Nous nous basons sur les axes de souveraineté technologies et les grandes orientations stratégiques définies par l’Etat. Par exemple, le gouvernement a récemment déclaré que le stockage de l’énergie et l’hydrogène représentaient des enjeux importants. Nous nous coordonnons par rapport à ces besoins pour identifier les technologies les plus prometteuses et les accompagner très en amonts de leurs développements. Nous intervenons même avant le stade d’amorçage de la start-up.

L’innovation n’est-elle pas ainsi trop déconnectée du besoin des entreprises ?

Non, car notre arsenal ne se limite pas à cette approche dite « Techno push ». La compétitivité des entreprises doit également être soutenue par la démarche d’innovation. Dans ce cadre, nous nous rapprochons des industriels pour leur demander « de quoi avez-vous besoin ? ». Nous partons de l’expression d’un besoin, et nous accompagnons l’entreprise avec la bonne technologie. Nous avons identifié deux leviers importants pour favoriser cet accompagnement : la mise en relation avec les chercheurs et la démocratisation de la propriété intellectuelle. Le premier part du constat qu’il n’y a pas de meilleurs experts qu’un chercheur. Nous avons donc mis en place une plateforme, baptisée Linkinnov, qui permet de mettre en relation les experts académiques et les entreprises. Le site est accessible en bêta-test depuis le mois de janvier.

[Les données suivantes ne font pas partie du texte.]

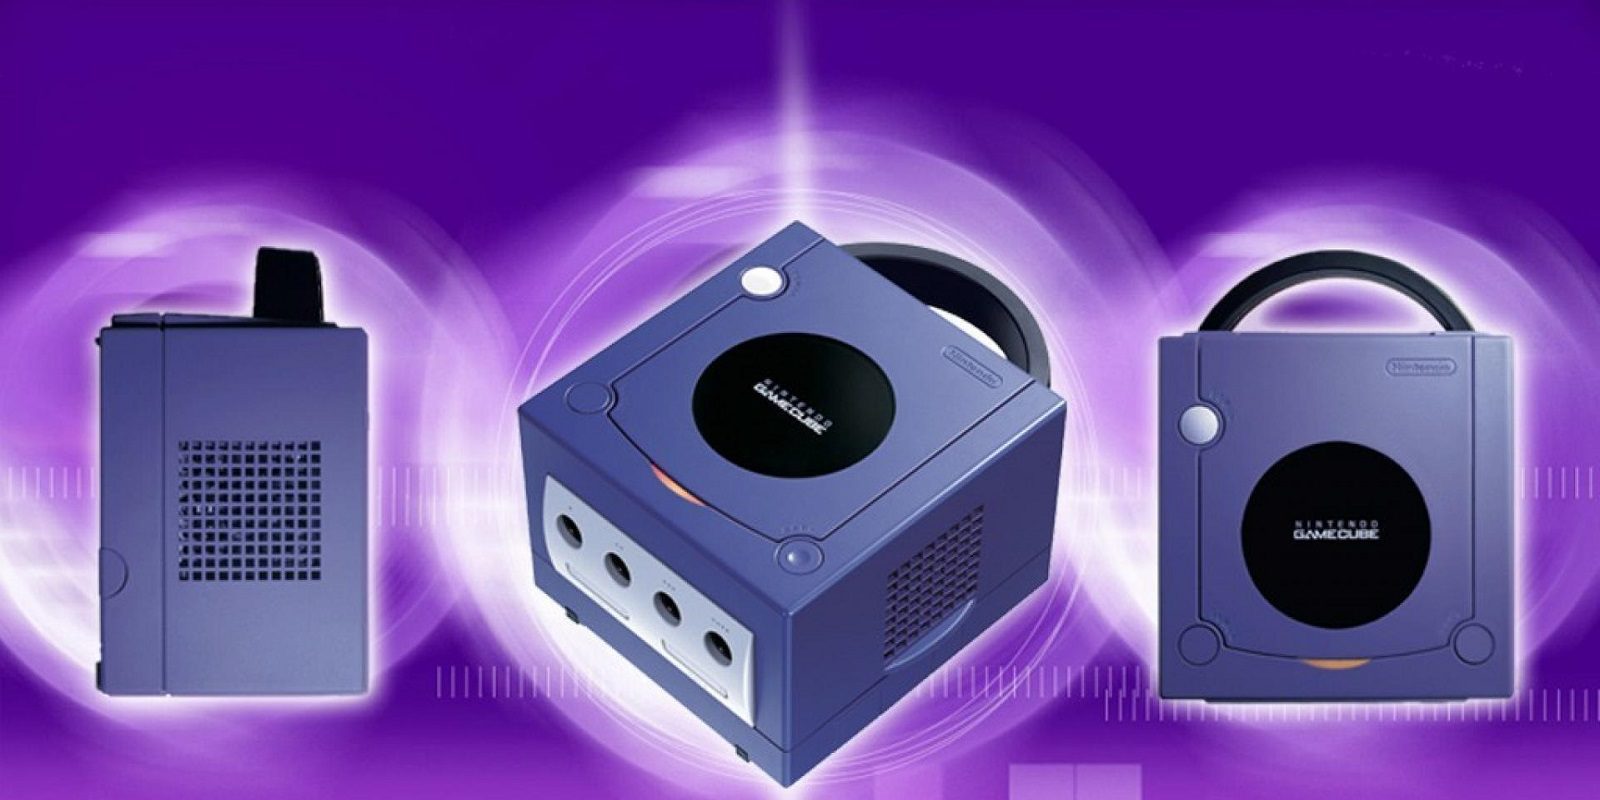 Hoy celebramos el 15 aniversario de Nintendo GameCube

Les industriels peuvent exprimer une demande sur le site et ils seront mis en relation avec l’expert le plus pertinent. Les échanges sont contractualisés via la plateforme ce qui permet aux chercheurs de s’affranchir du statut d’auto-entrepreneur. Un avantage collatéral de Linkinnov est de pouvoir analyser les grandes tendances industrielles en fonction des requêtes enregistrées.

Et dans le domaine de la propriété intellectuelle ?

Nous avons un projet ambitieux : offrir un accès aux brevets des chercheurs « dormants » dans les placards. Pour cela, nous avons mis en place Lencify, une plateforme web qui permet d’accéder, en contrepartie d’un abonnement mensuel, à près de 2000 brevets. Nous entrons actuellement en phase de bêta-test, mais nous visons à terme la mise à disposition de près de 10 000 brevets. Lencify a été pensé comme une « marketplace » d’innovations sur un modèle proche de celui d’un Netflix. En facilitant l’acquisition de brevets et la démocratisation de la propriété intellectuelle par une offre « à la demande », nous avons pour objectif d’offrir à la plus petite entreprise en France les moyens d’avoir un portefeuille de brevets digne de celui des grandes entreprises internationales.